I think there are two problems with your answer (neither of which is the reason given for deleting it, before, but that's understandable given problem #1).
The first problem is that your argument is really hard to follow. The second problem (if I have in fact successfully figured out what you mean) is that it doesn't resolve the paradox.
Problem 1
It's hard to follow for two reasons. The first, and more important, is that it doesn't state clearly how it supposedly resolves the paradox.
The reason why the paradox feels paradoxical is that it seems that the prisoner is able to prove that if the judge is telling the truth then there's no day on which they could be hanged unexpectedly -- and yet, then they get hanged and they didn't expect it, so it turns out the judge was telling the truth.
In order to resolve the paradox, you need to show that something is wrong with the reasoning described in the paragraph above. Maybe your answer does that, or at least tries to, but you never say explicitly what step in the apparently-paradoxical reasoning it finds a problem with.
The second problem is that it's laid out as a single paragraph and lacks "signposts" indicating how its steps fit together.
I don't know whether I have made my argument clear, above, so let me make it more concrete by offering what I think is a version of your argument that is easier to follow. I am not 100% sure I'm not distorting the argument because, as mentioned above, it's hard to be sure exactly what the argument is.
The point at which the "paradox" supposedly arises is where the prisoner, having proved that if the judge is telling the truth then a hanging on any day would be expected, then gets dragged from his cell on (say) Wednesday to a hanging he didn't in fact expect -- so that the judge was truthful after all.
But I say that his actual hanging wasn't unexpected. After all, the prisoner had already proved that if not already hanged by Tuesday, he must be hanged on Wednesday. And then, having not been hanged by Tuesday, he is hanged on Wednesday. That's the very opposite of "unexpected". He had an actual proof that it must happen!
(It's true that he also had a proof that he wouldn't be hanged on Wednesday, but so what? I say that if you have a proof that X will happen, then when X happens it is not "unexpected", no matter what other things you also have proofs of.)
So there isn't an unexpected hanging at the end after all, the prisoner was correct to conclude that there wouldn't be one, and there is no paradox, just a judge saying something that (as the prisoner predicted) turned out to be false.
As I say, I'm not 100% sure that the above is a presentation of the same argument as you are making; but I think it probably is, and at any rate I think it's much easier to follow, because it says exactly what it finds wrong with the "paradoxical" reasoning, and makes its argument explicitly.
Problem 2
Having done my best to clarify your argument, I don't find it convincing and don't think it does in fact resolve the paradox.

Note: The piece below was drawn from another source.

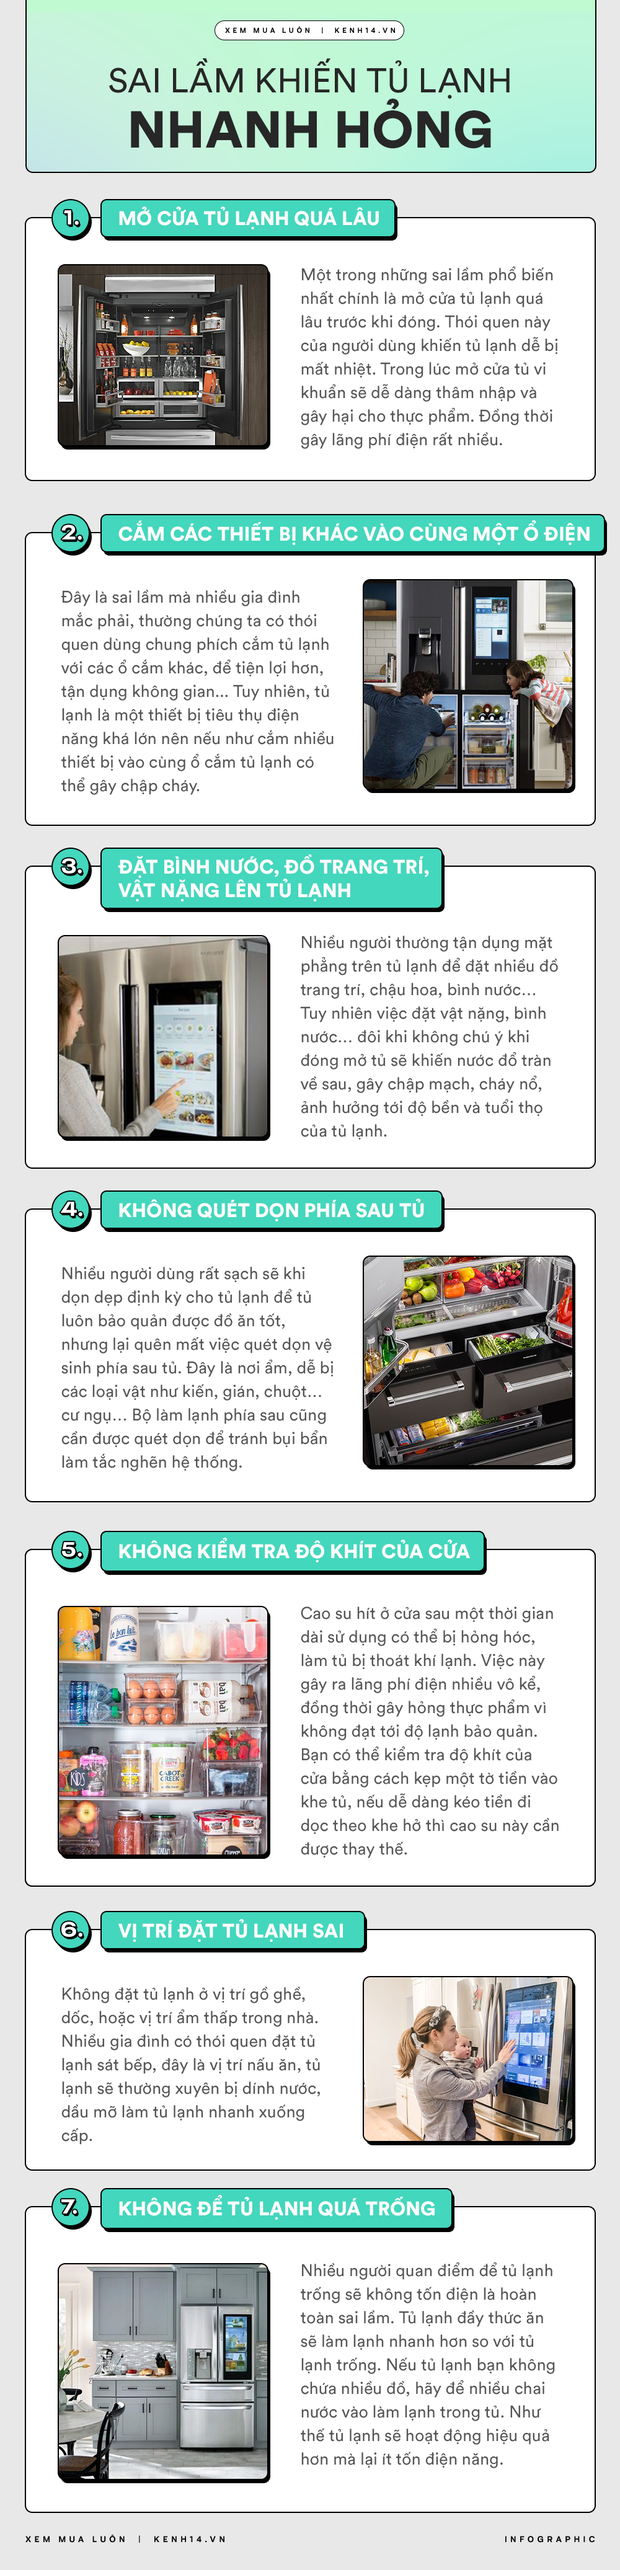 Góc chị em low-tech: 7 sai lầm phổ biến khiến tủ lạnh nhanh hỏng - Ảnh 1.
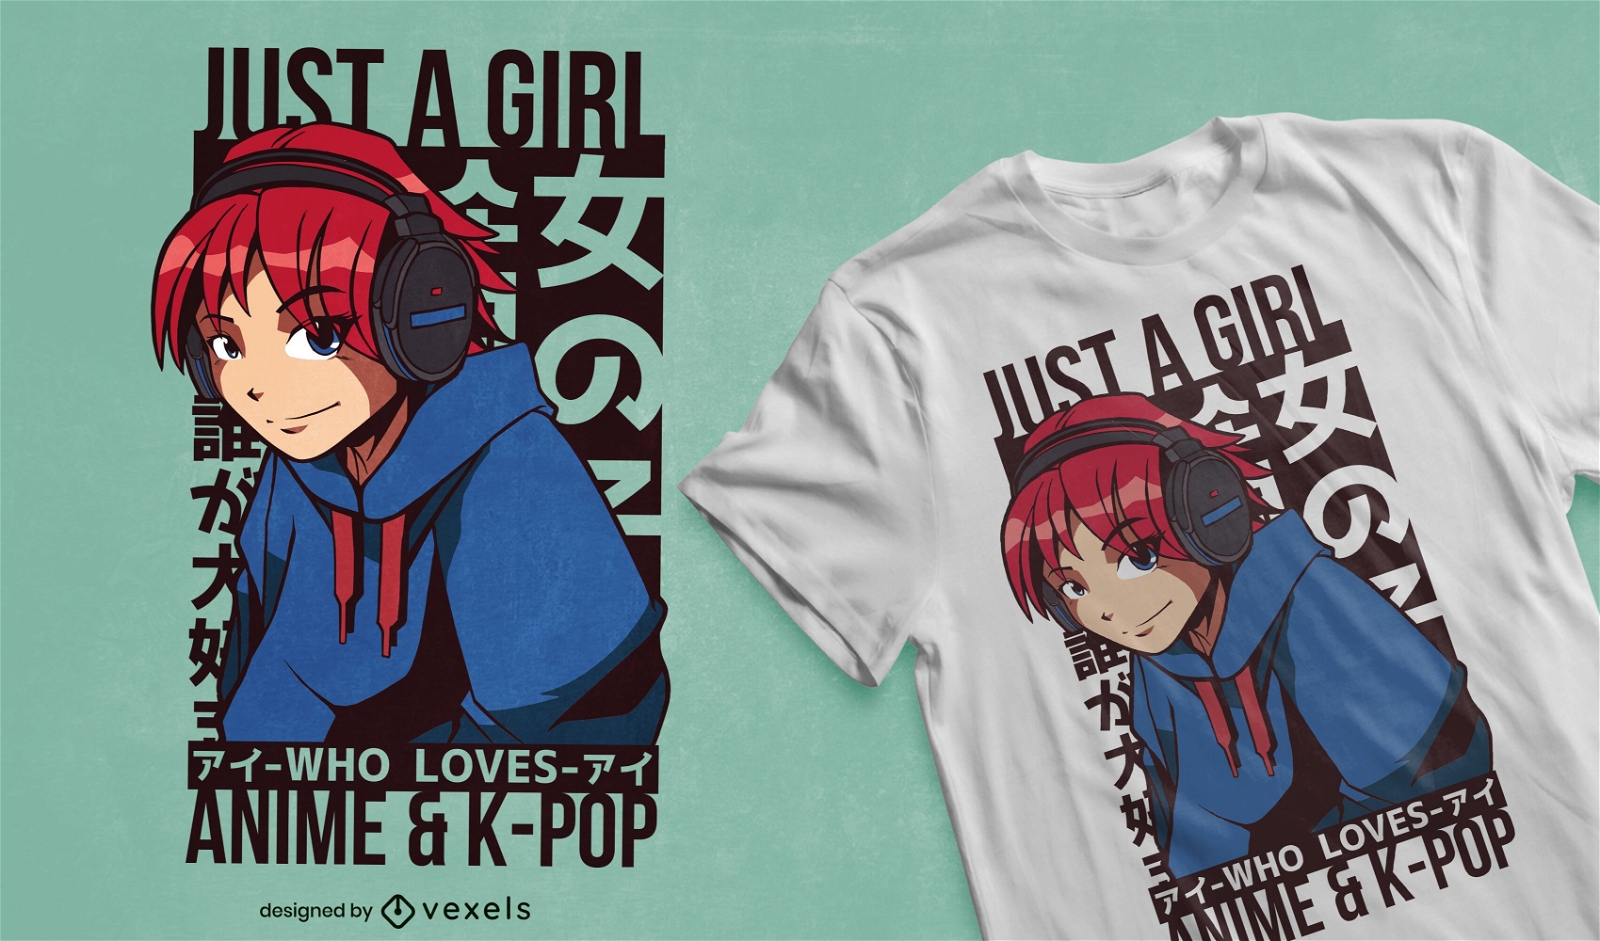 A garota adora o design de camisetas de anime e kpop

Your argument depends on a particular notion of what it means for something to be "unexpected" or a "surprise". I don't think that notion matches how these words are actually used in practice, nor is there anything specific to the unexpected-hanging scenario that calls for a nonstandard understanding of the term.
(To be concrete: you say "the hanging on Wednesday is defined not to be a surprise hanging"; no, it isn't. Not by how the word "surprise" is usually used; not by anything in the statement of the paradox.)
Yes, sure, the prisoner had a proof that if the judge was telling the truth (and if the prisoner knew that the judge was telling the truth) and he hadn't been hanged by Tuesday then he must be hanged by Wednesday. So far, so good. But the judge doesn't say "when we knock on your door at noon you will not have a proof that we were going to", he says "when we knock on your door at noon you will be surprised", and those two things are not the same, and simply declaring (as you do) that they are the same doesn't make them so. The story tells us that the prisoner is in fact surprised when the knock-on-the-door actually comes, and nothing in the story makes that difficult for us to believe.
In this case, indeed, the prisoner has a proof of that proposition. But he also has proofs (with the same hypotheses) of a bunch of other things, which add up to a contradiction. As a matter of psychology, when you prove a bunch of mutually contradictory things, it is perfectly possible to then be surprised when one of them turns out to be true. As a matter of mathematics, when you make some assumptions and use them to prove a bunch of mutually contradictory things, the correct conclusion is not that all those things are true, it's that something was wrong with your assumptions.
(In this case, it turns out that the prisoner should drop the assumption that he knows that what the judge said is true, or maybe the assumption that if he can prove that something will happen then he will be unsurprised when it happens; the first of those assumptions turns out to be untrue because he ends up not confident that what the judge said is true, and the second turns out to be untrue because he "proves" several things that turn out to be mutually contradictory.)